Congrats, now you have successfully installed ANSYS Workbench!

 

Adapt the ANSYS Fluent mpi_wrapper

Now that your HPC cluster is running and that ANSYS Workbench is installed, you can patch ANSYS Fluent. ANSYS Fluent does not currently support EFA out-of-the-box, so, you need to make a few modifications to get your app running properly.

 

Complete the following steps to make the proper modifications:

 

Open mpirun.fl (an MPI wrapper script) with your preferred text editor:

vim /fsx/ansys_inc/v195/fluent/fluent19.5.0/multiport/mpi_wrapper/bin/mpirun.fl 

 

Comment this line 465:

# For better performance, suggested by Intel
FS_MPIRUN_FLAGS="$FS_MPIRUN_FLAGS -genv I_MPI_ADJUST_REDUCE 2 -genv I_MPI_ADJUST_ALLREDUCE 2 -genv I_MPI_ADJUST_BCAST 1"

 

In addition to that, line 548:

FS_MPIRUN_FLAGS="$FS_MPIRUN_FLAGS -genv LD_PRELOAD $INTEL_ROOT/lib/libmpi_mt.so"

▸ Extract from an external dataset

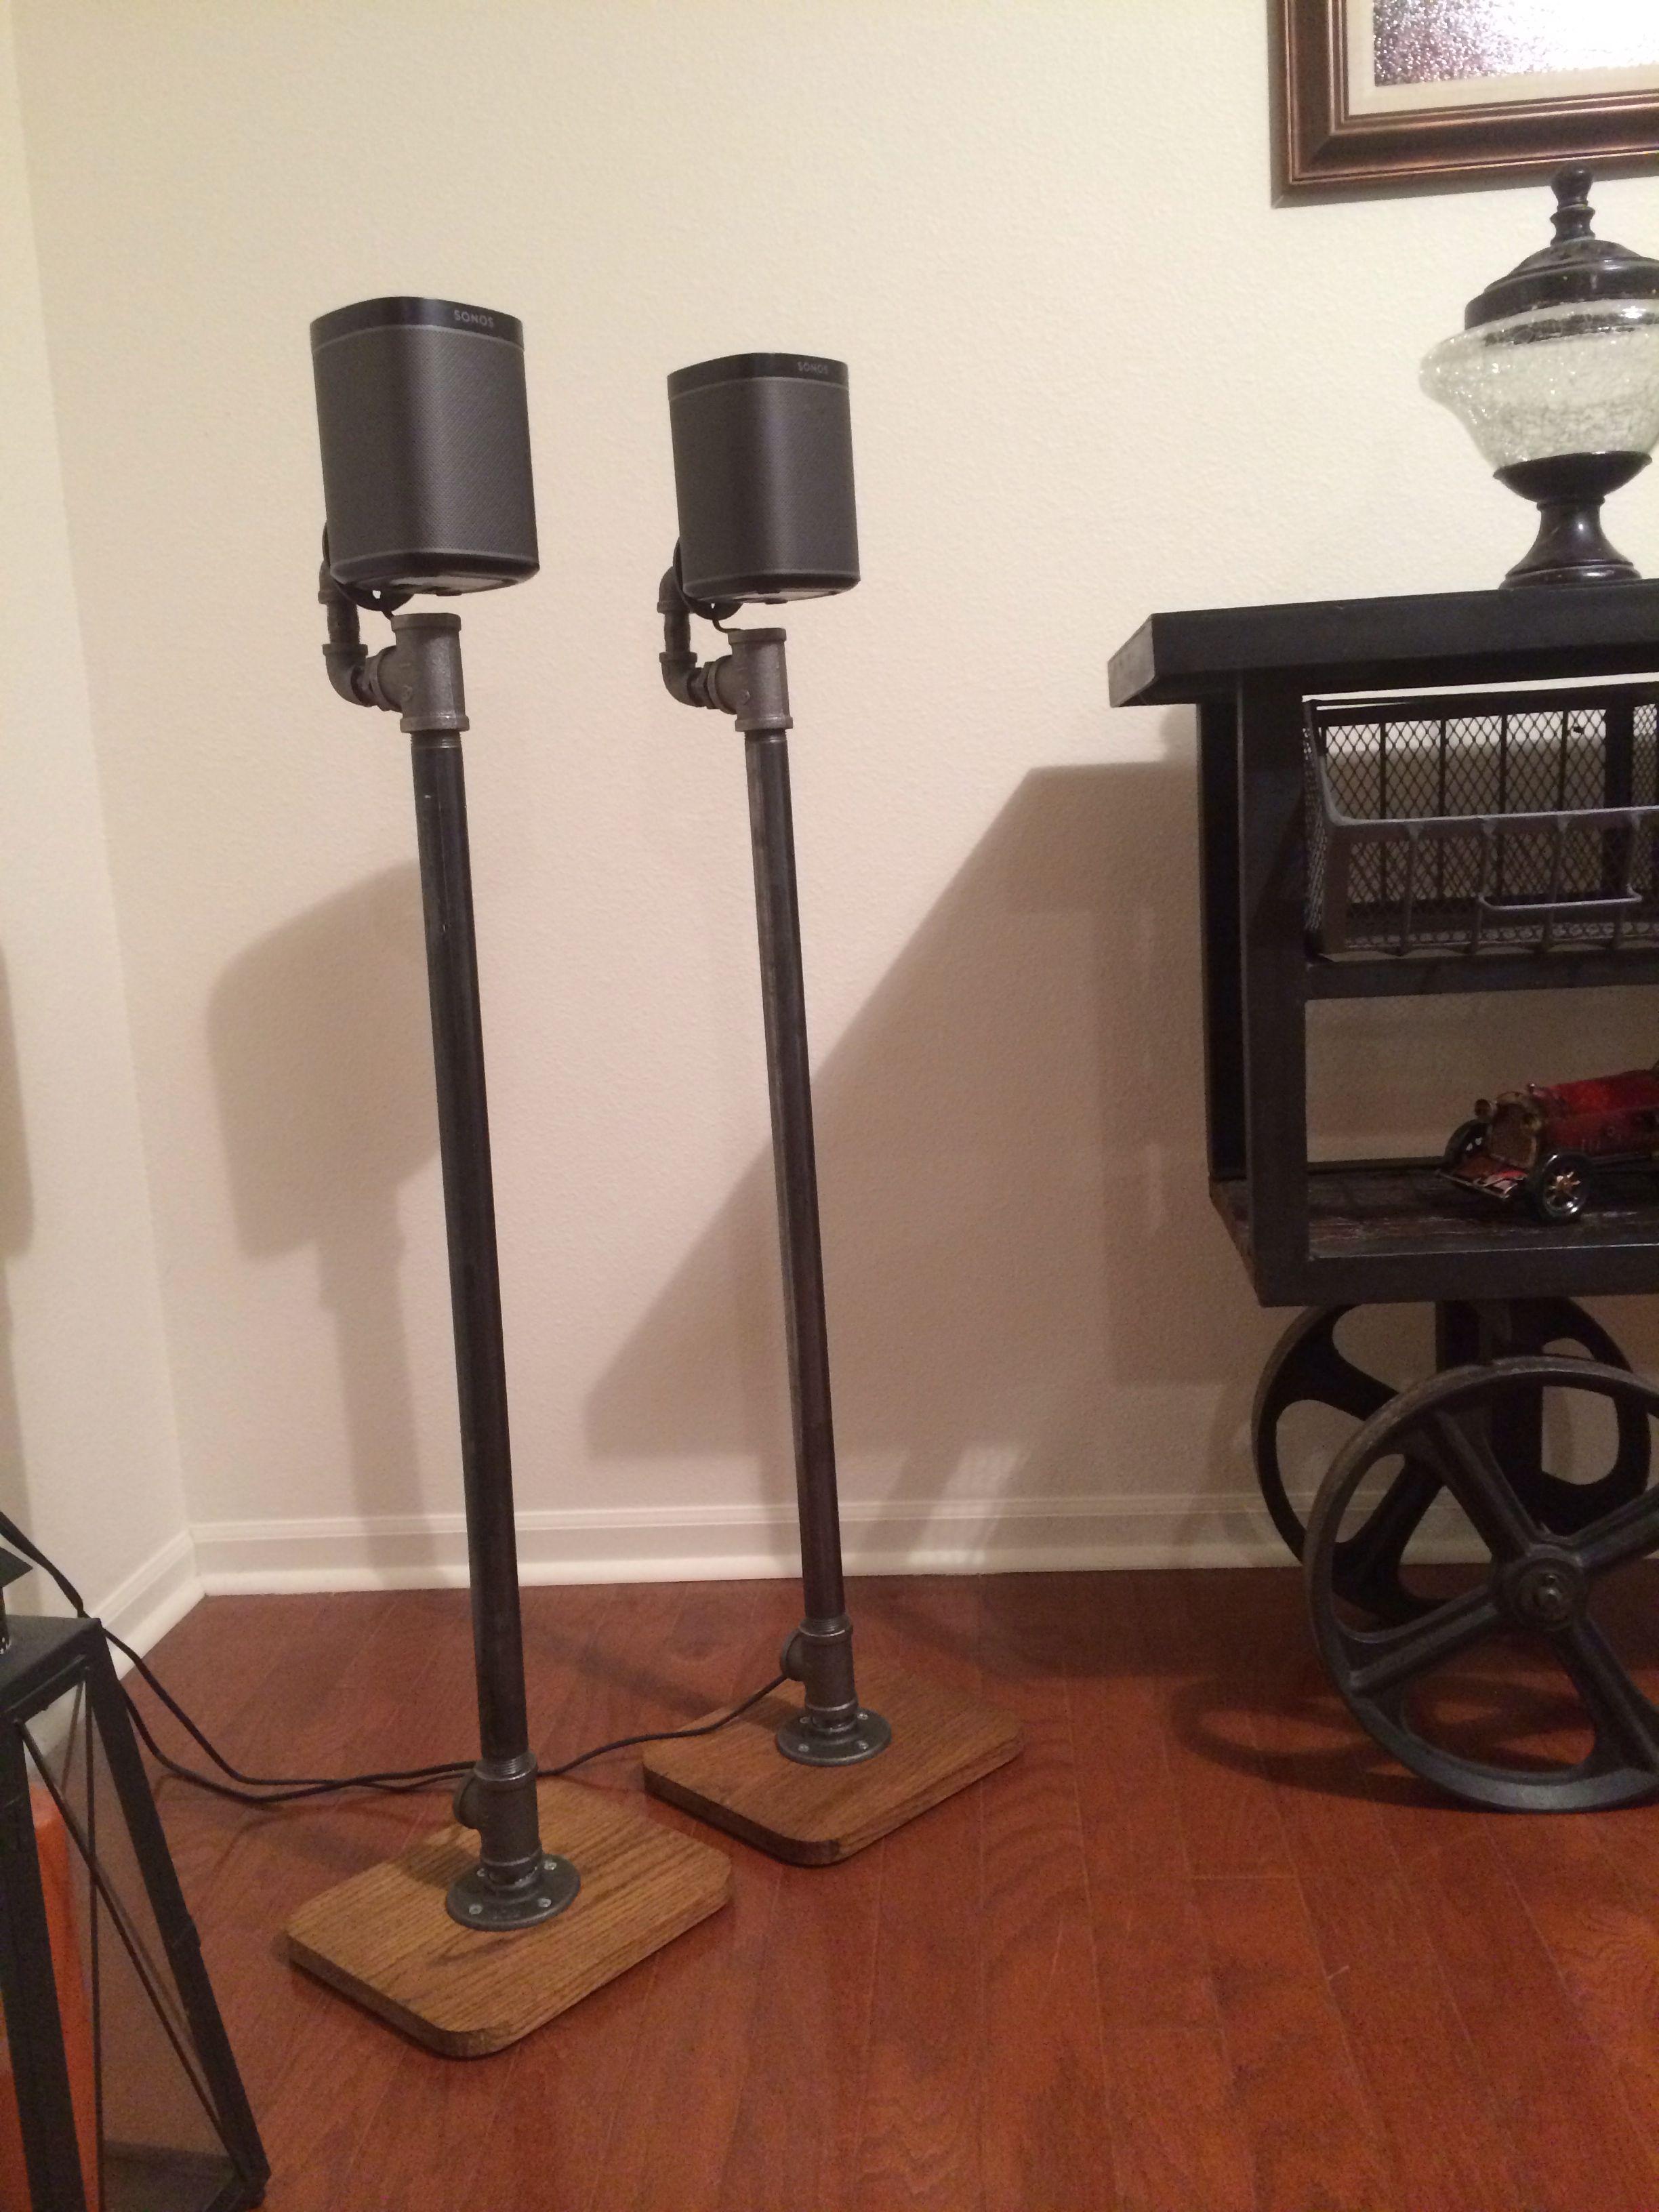 Sonos Play1 DIY vintage industrial style speaker stands

should be modified as follows:

FS_MPIRUN_FLAGS="$FS_MPIRUN_FLAGS -genv LD_PRELOAD $INTEL_ROOT/lib/release_mt/libmpi.so"

The library file location and name changed for Intel 2019 Update 5. Fixing this will remove the following error message:

ERROR: ld.so: object '/opt/intel/parallel_studio_xe_2019/compilers_and_libraries_2019/linux/mpi/intel64//lib/libmpi_mt.so' from LD_PR ELOAD cannot be preloaded: ignored

 

I recommend backing-up the MPI wrapper script before any modification:

cp /fsx/ansys_inc/v195/fluent/fluent19.5.0/multiport/mpi_wrapper/bin/mpirun.fl /fsx/ansys_inc/v195/fluent/fluent19.5.0/multiport/mpi_wrapper/bin/mpirun.fl.ORIG

Once these steps are completed, your ANSYS Fluent installation is properly modified to support EFA.

 

Run your first ANSYS Fluent job using EFA

You are almost ready to run your first ANSYS Fluent job using EFA. You can use the same submission script used previously.  Export INTELMPI_ROOT or OPENMPI_ROOT in order to specify the custom MPI library to use.

 

The following script demonstrates this step:

#!/bin/bash

#SBATCH -J Fluent
#SBATCH -o Fluent."%j".out

module load intelmpi
export INTELMPI_ROOT=/opt/intel/compilers_and_libraries_2019.5.281/linux/mpi/intel64/

export [email protected]<your-license-server>
export [email protected]<your-license-server>

basedir="/fsx"
workdir="${basedir}/$(date "+%d-%m-%Y-%H-%M")-${SLURM_NPROCS}-$RANDOM"
mkdir "${workdir}"
cd "${workdir}"
cp "${basedir}/f1_racecar_140m.tar.gz" .
tar xzvf f1_racecar_140m.tar.gz
rm -f f1_racecar_140m.tar.gz
cd bench/fluent/v6/f1_racecar_140m/cas_dat

srun -l /bin/hostname | sort -n | awk '{print $2}' > hostfile
${basedir}/ansys_inc/v194/fluent/bin/fluentbench.pl f1_racecar_140m -t${SLURM_NPROCS} -cnf=hostfile -part=1 -nosyslog -noloadchk -ssh -mpi=intel -cflush

Save this snippet as fluent-run-efa.sh under /fsx and run it as follows:

sbatch -n 2304 /fsx/fluent-run-efa.sh

 

Note1: The number, 2304 cores, is an example, this command will tell AWS ParallelCluster to spin-up 64 C5n.18xlarge. Feel free to change it and run it as you wish.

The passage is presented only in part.